Berlin, den 31.08.2022
„Stolperworte“ im Schlaglicht des Ukraine-Krieges
Schon jetzt lässt die Aufmerksamkeit für den Krieg und seine Opfer in der Ukraine nach – nur sechs Monate nach der vollumfänglichen Invasion Russlands. Der mediale Fokus hat sich auf die Inflation oder steigende Gaspreise verschoben. Das wachsende Leid der ukrainischen Bevölkerung scheint die Erinnerung nicht lebendig halten zu können, es führt vielmehr zu einer Art Kriegsmüdigkeit.
Die Lesungsreihe Stolperworte wurde im vergangenen Jahr initiiert, um dem Vergessen etwas entgegenzusetzen. In Lesungen erschließen sich Autor:innen literarisch Stolpersteine in Berlin und suchen so ihren persönlichen Zugang zur NS-Vergangenheit und den Opfern unserer Zeit. „Das Erinnern soll ja immer weitergehen“, schrieb der Tagesspiegel zu Beginn des Projekts. So folgen ab September erneut acht Lesungen, in deren Fokus die Frage nach der Bedeutung der NS-Erinnerung heute steht – und danach, wie diese Erinnerung im Schlaglicht eines Krieges erscheint, der schon jetzt in die Vergessenheit abzurutschen droht.

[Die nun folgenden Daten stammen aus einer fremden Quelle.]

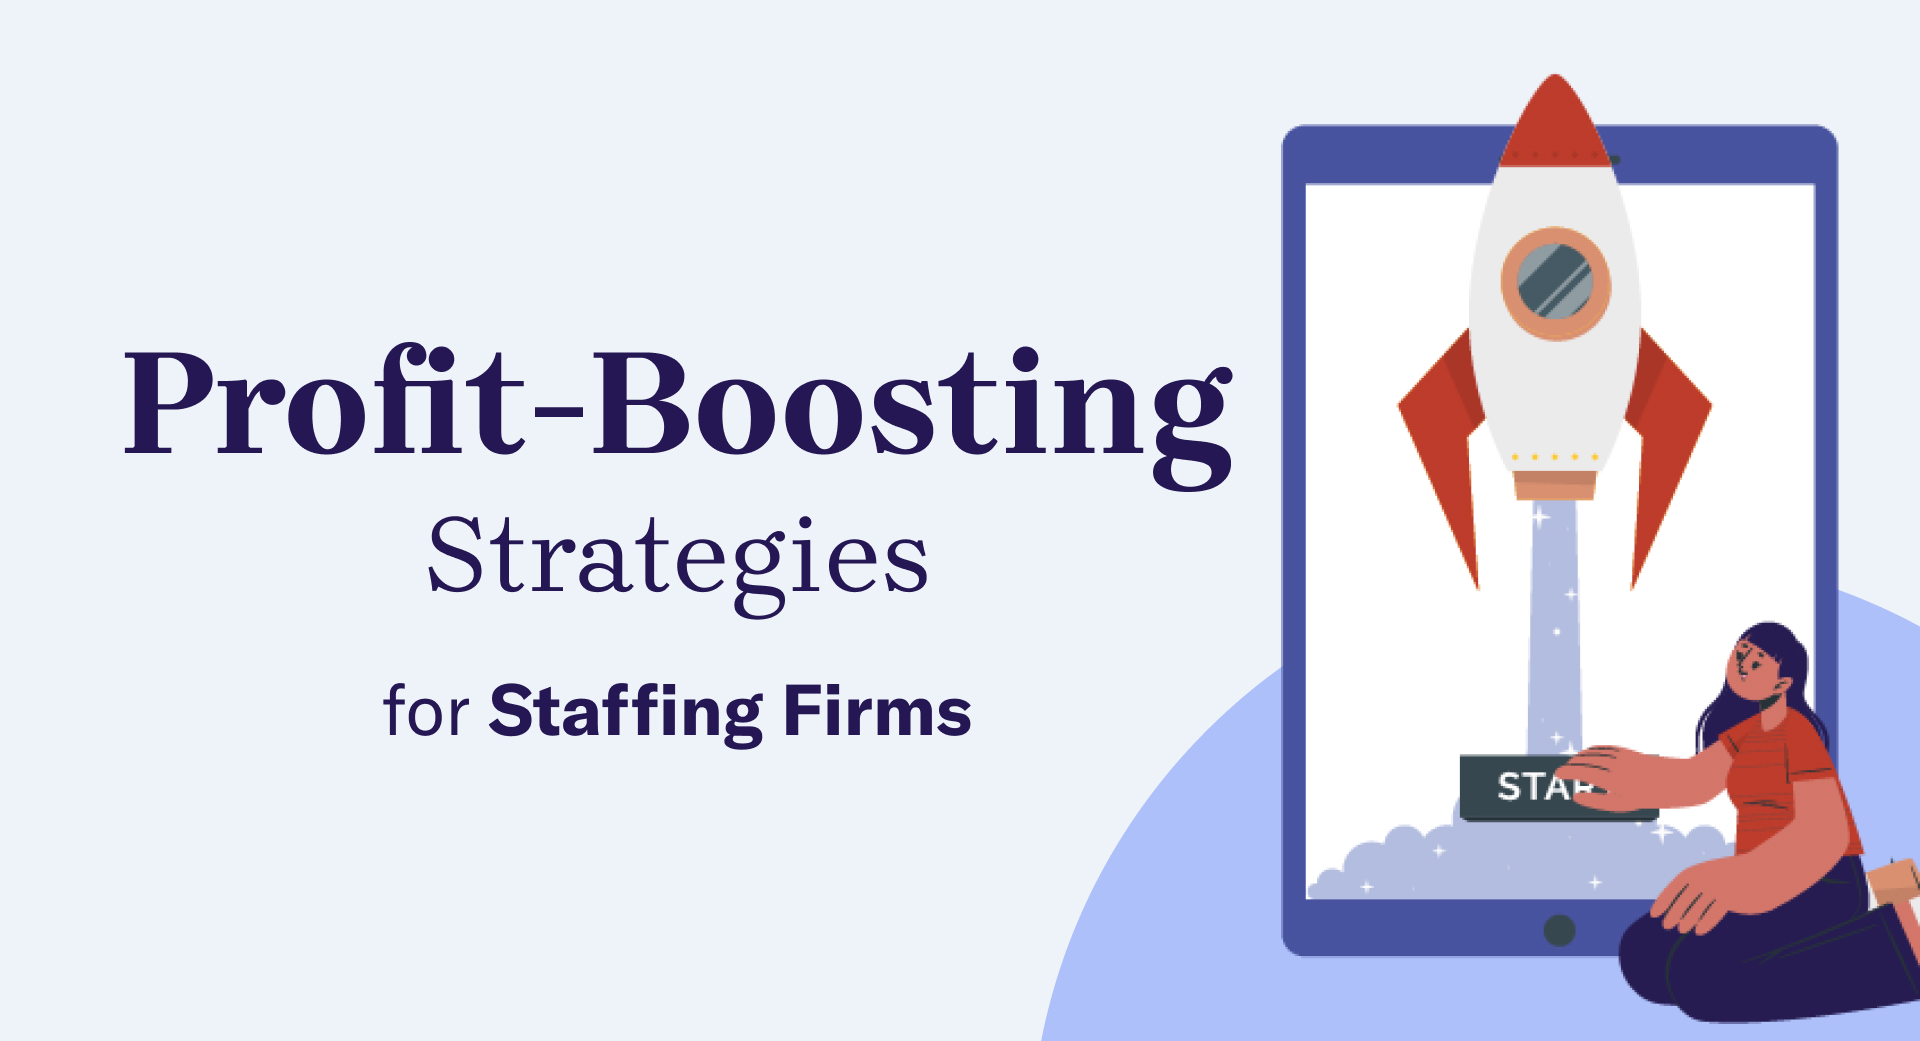 6 Profit-Boosting Strategies for Staffing Firms

Lässt sich die Vergangenheit in die Gegenwart holen, indem man sie miteinander in Verbindung setzt? Wie beeinflusst der russische Angriffskrieg den Blick auf die NS-Verbrechen von damals? Verändert die Auseinandersetzung mit der NS-Vergangenheit die Perspektive auf die Verbrechen in der Ukraine? Und wie kann man sich den Gräueltaten in Gegenwart und Vergangenheit mit Sprache nähern?
Diesen Fragen widmen sich
Yevgeniy Breyger ist ein deutsch-ukrainischer Dichter und Gastprofessor für Literarisches Schreiben & Übersetzen an der Universität Hildesheim und an der Ruhr-Universität Bochum. Er gewann u.a. den Leonce-und-Lena-Preis der Stadt Darmstadt (2019) und den Münchner Lyrikpreis (2021). Am 05.09. um 19.00 Uhr wird Breyger ein Langpoem lesen, in dem seine und die Erfahrungen seiner Familie mit Russlands Krieg beschreibt und dabei in der Familienerinnerung bis nach Babyn Jar zurückgeht. Die Lesung findet in der Schwedter Straße 22 an den Stolpersteinen von Ignatz Jacob, Netty und Sigfried Isak statt.

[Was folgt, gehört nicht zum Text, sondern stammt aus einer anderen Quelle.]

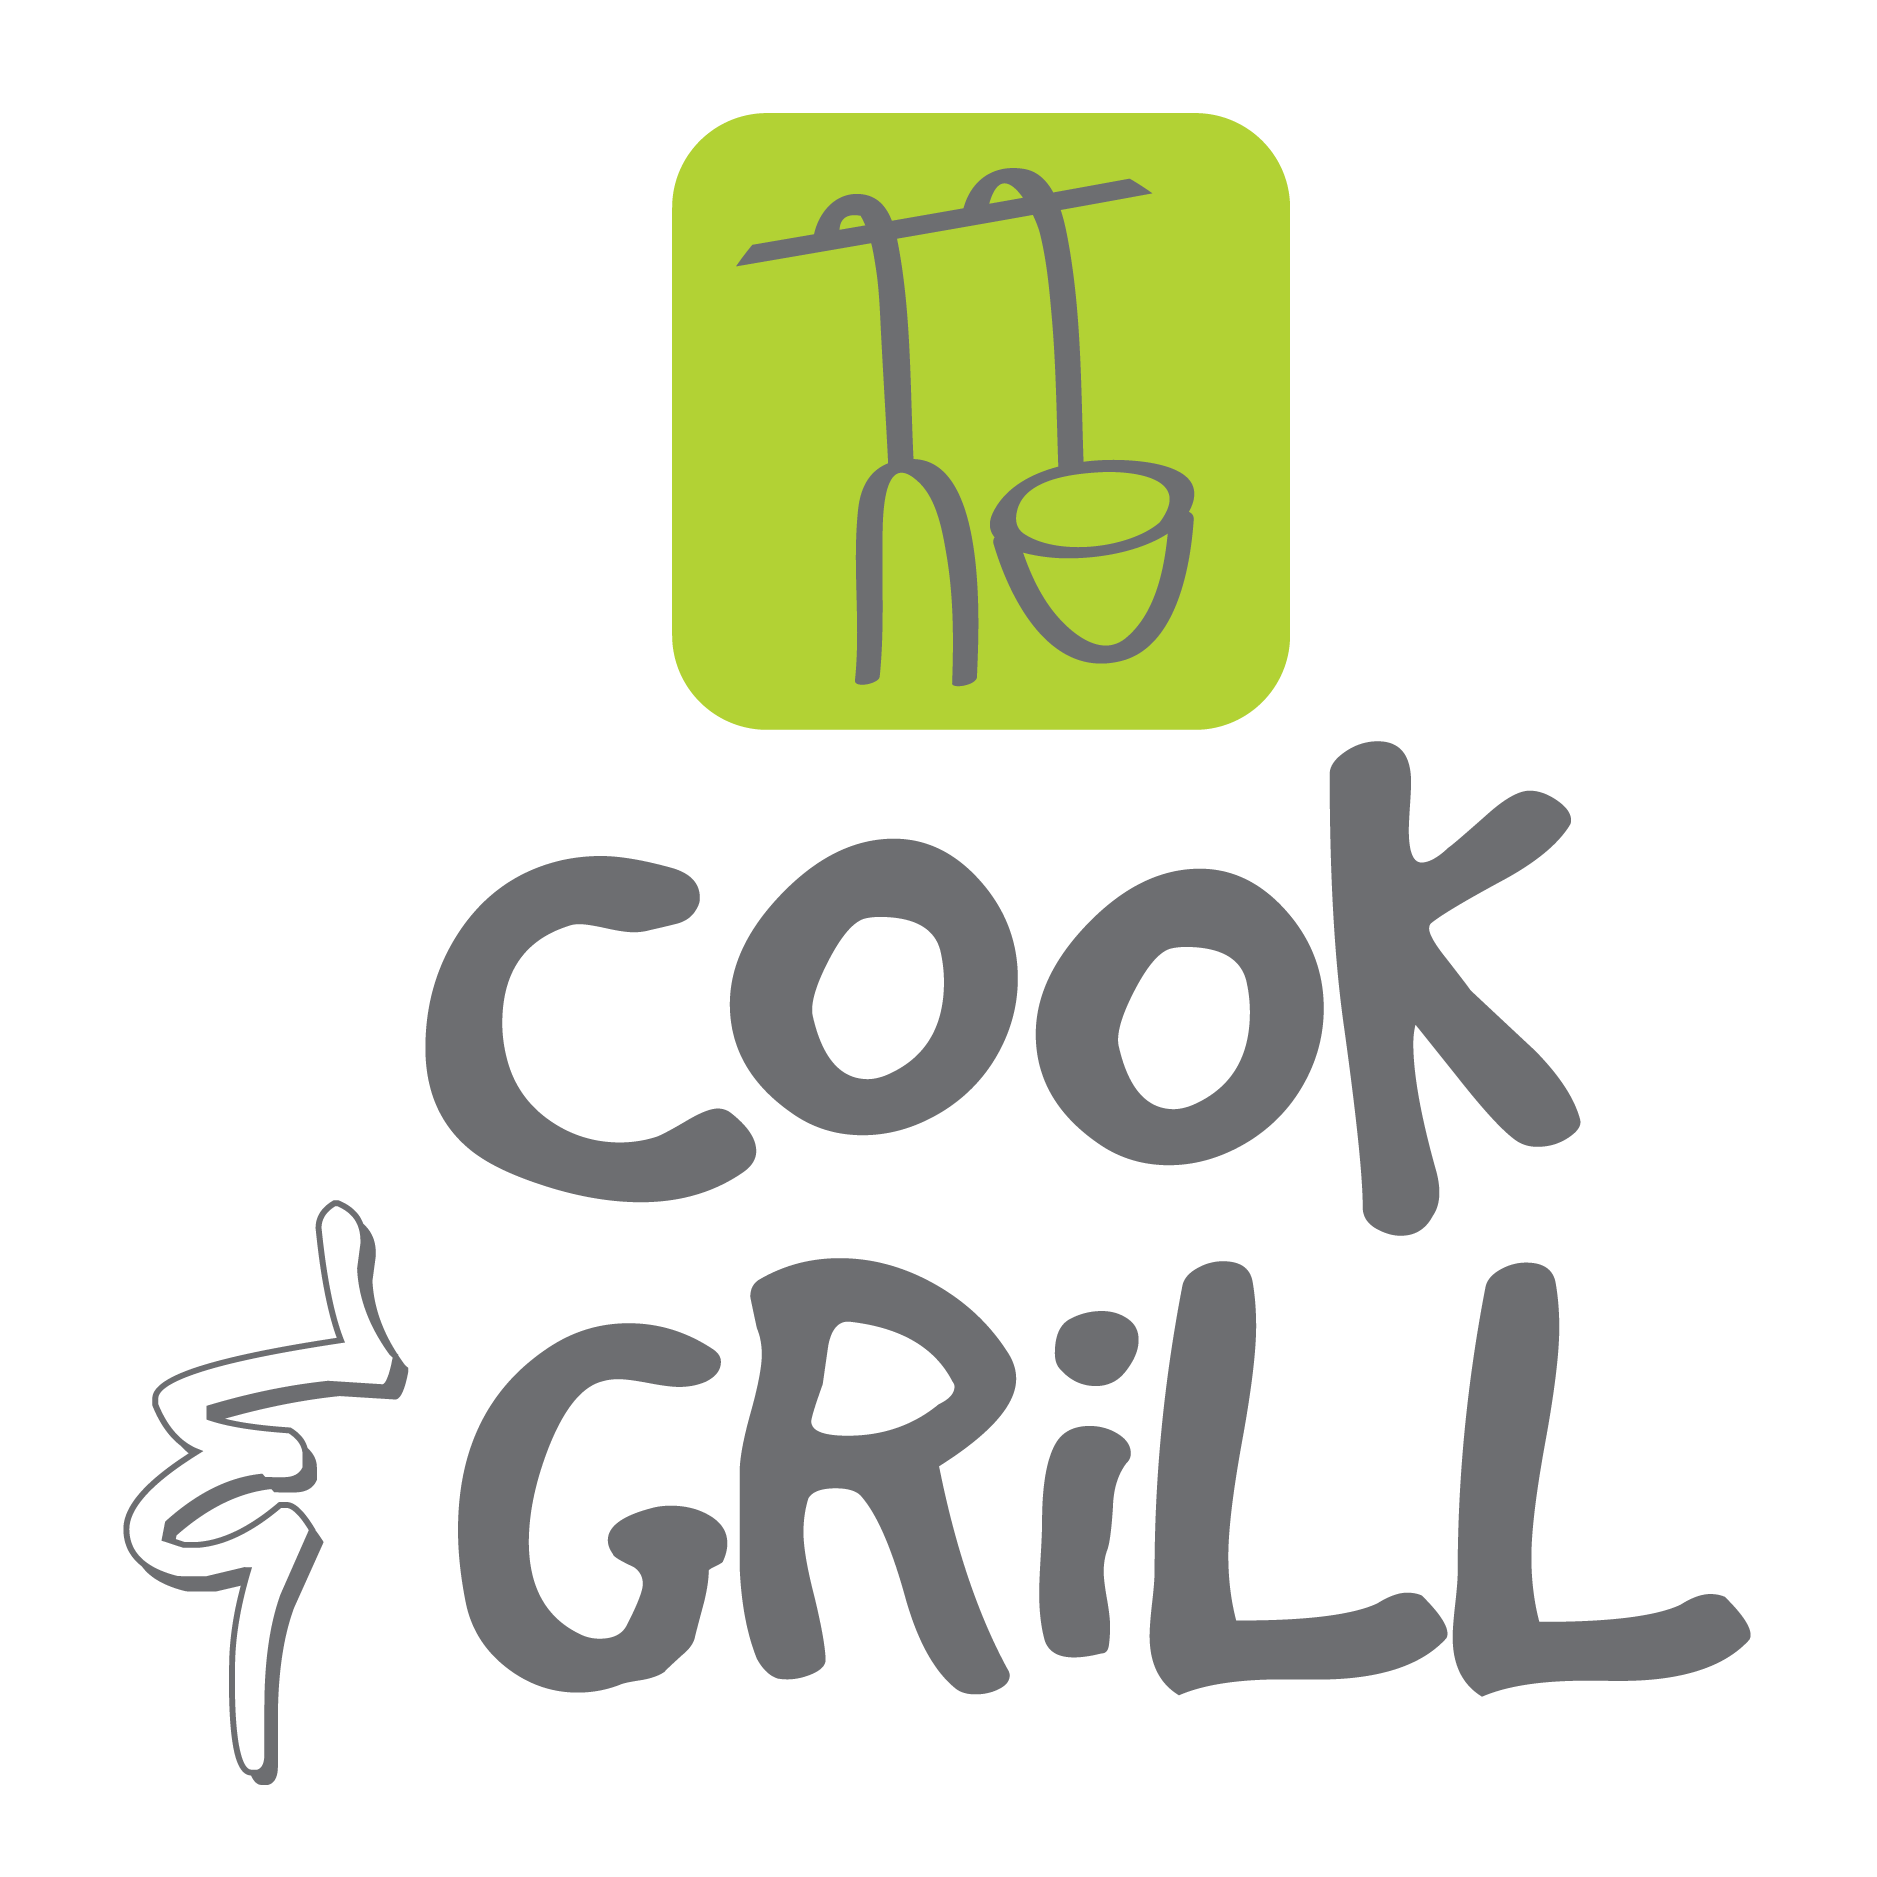 COOK & GRILL

Daryna Gladun ist eine ukrainische Schriftstellerin, Übersetzerin, Performance-Künstlerin und Forscherin aus Bucha. Derzeit ist sie wissenschaftliche Mitarbeiterin an der Universität Potsdam. Sie hat zwei Gedichtbände in ukrainischer Sprache verfasst und veröffentlicht. Am 08.09. um 19.00 Uhr wird sie aus ihrem dritten Band ‚Radio Wojna‘ lesen, der während des russischen Angriffskrieges entstanden ist. Gelesen wird in der Thomasiusstraße 14 (Moabit) u.a. am Stolperstein von Rosa Kaufman, die selbst aus Kolomyya in der Ukraine kam.
sowie Marianna Kijanowska (15.09.), Irina Bondas (tba), Dimitrij Kapitelmann (04.10.), Marina Frenk (tba) und Marko Martin (25.10.) in Lesungen und Gesprächen, die im Anschluss auch als kurze Filme online zu sehen sind.
Das Projekt Stolperworte wird gefördert von der Senatsverwaltung für Kultur und Europa.